+++ RAW DATA +++
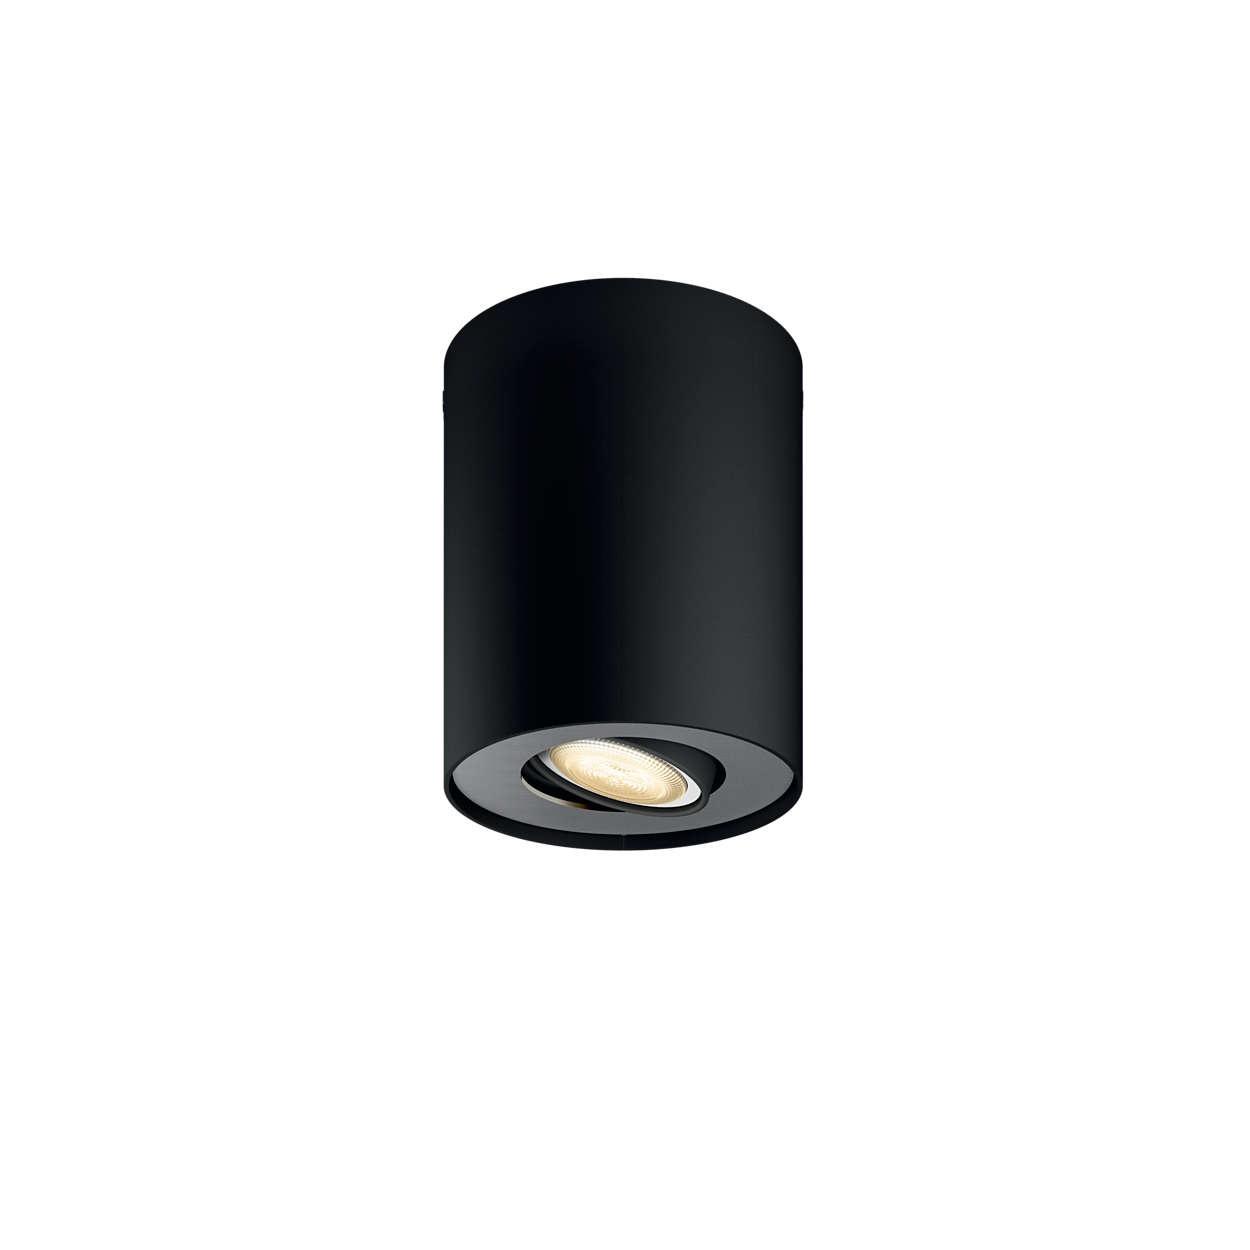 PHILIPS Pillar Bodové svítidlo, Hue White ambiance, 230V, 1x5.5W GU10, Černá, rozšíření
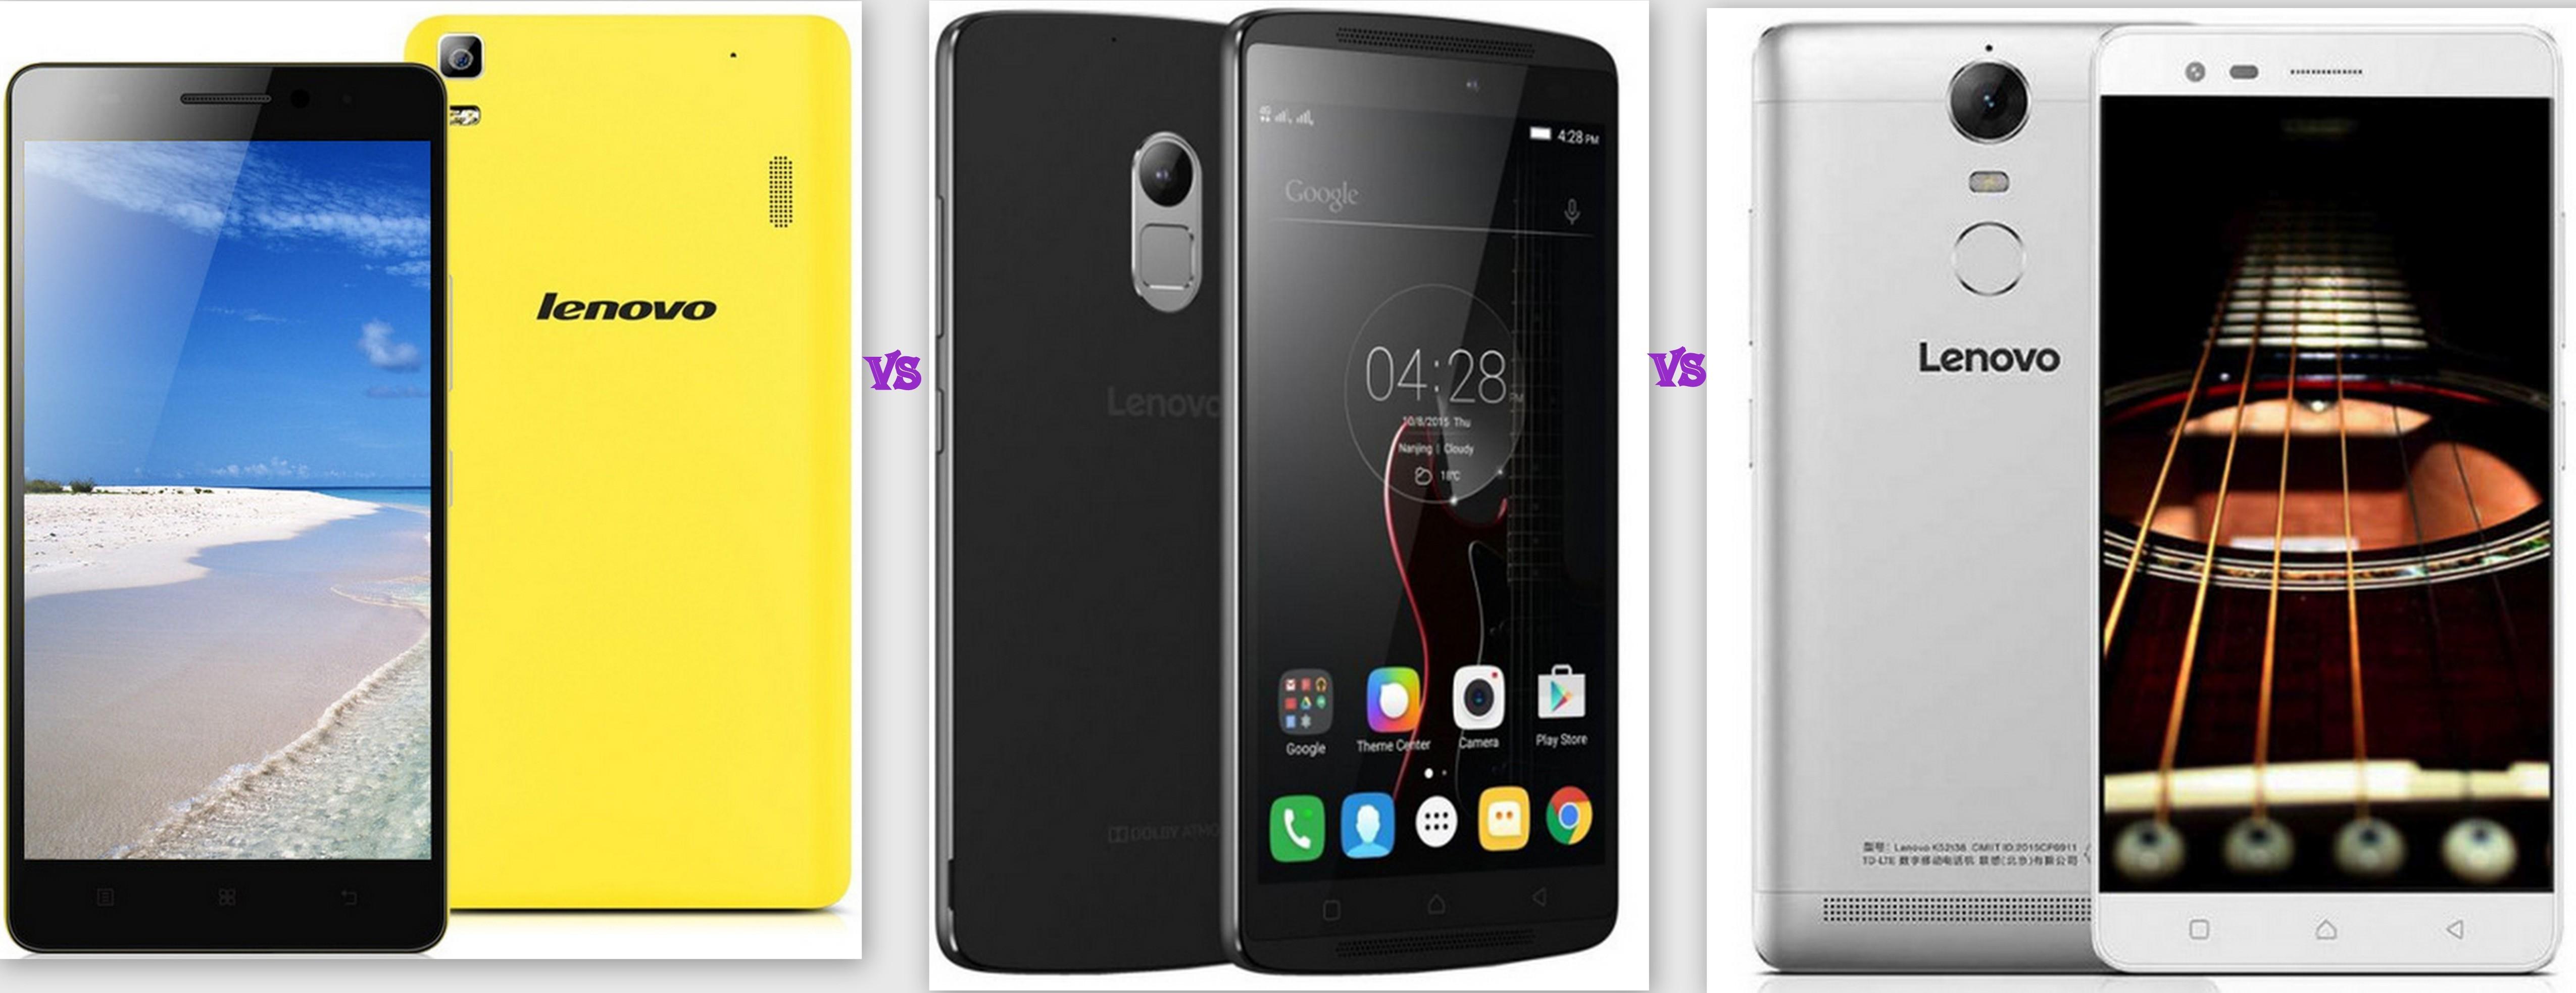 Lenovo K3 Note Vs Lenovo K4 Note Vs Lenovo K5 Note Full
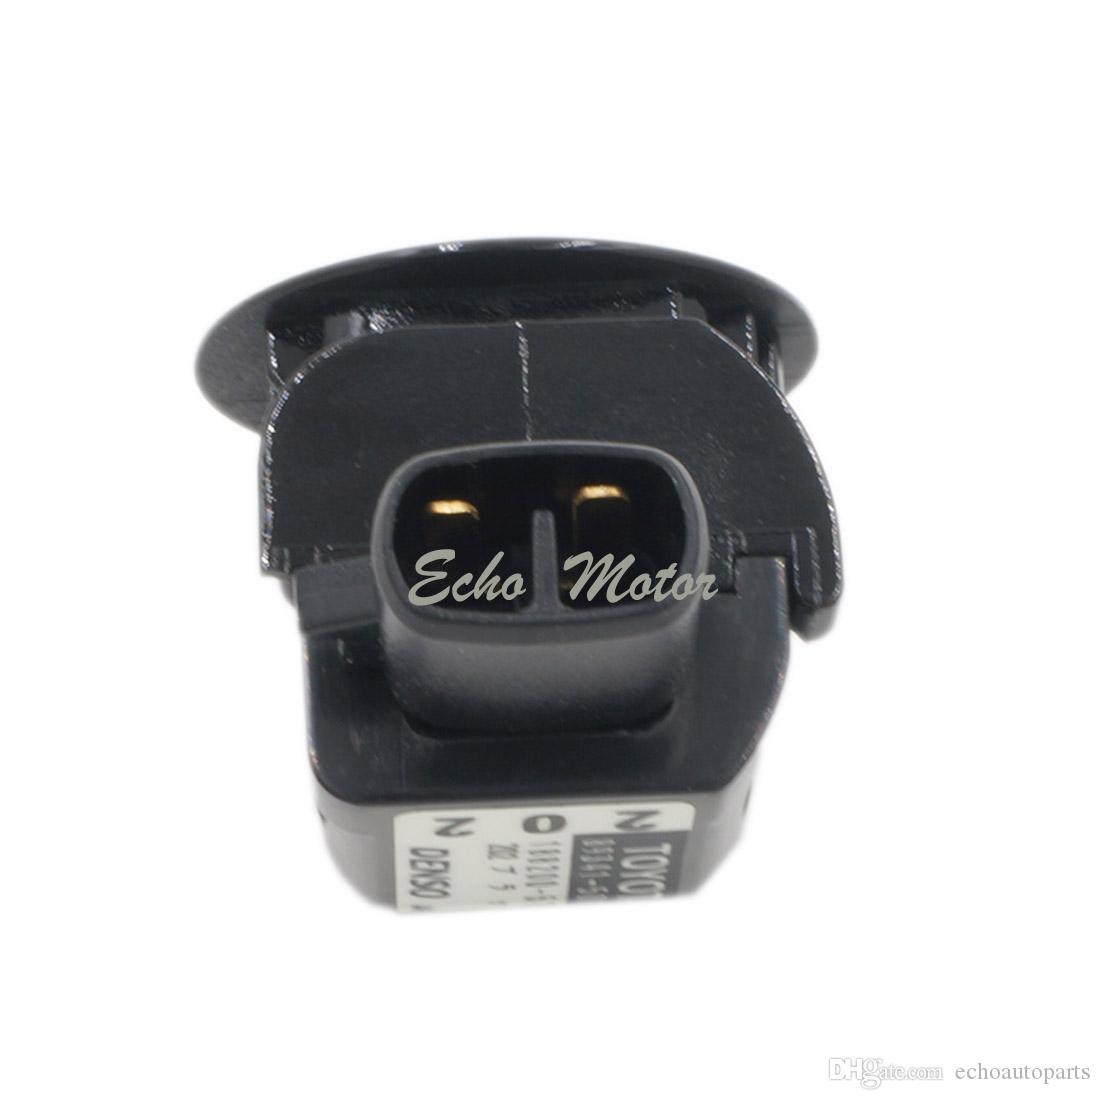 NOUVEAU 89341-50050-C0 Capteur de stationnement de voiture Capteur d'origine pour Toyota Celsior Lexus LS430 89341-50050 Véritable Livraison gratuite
+++
WHAT TO PRODUCE: Without including any image, reproduce the full listing above as written.

EXERCISE RESPONSE:
 PHILIPS Pillar Bodové svítidlo, Hue White ambiance, 230V, 1x5.5W GU10, Černá, rozšíření
 Lenovo K3 Note Vs Lenovo K4 Note Vs Lenovo K5 Note Full
 NOUVEAU 89341-50050-C0 Capteur de stationnement de voiture Capteur d'origine pour Toyota Celsior Lexus LS430 89341-50050 Véritable Livraison gratuite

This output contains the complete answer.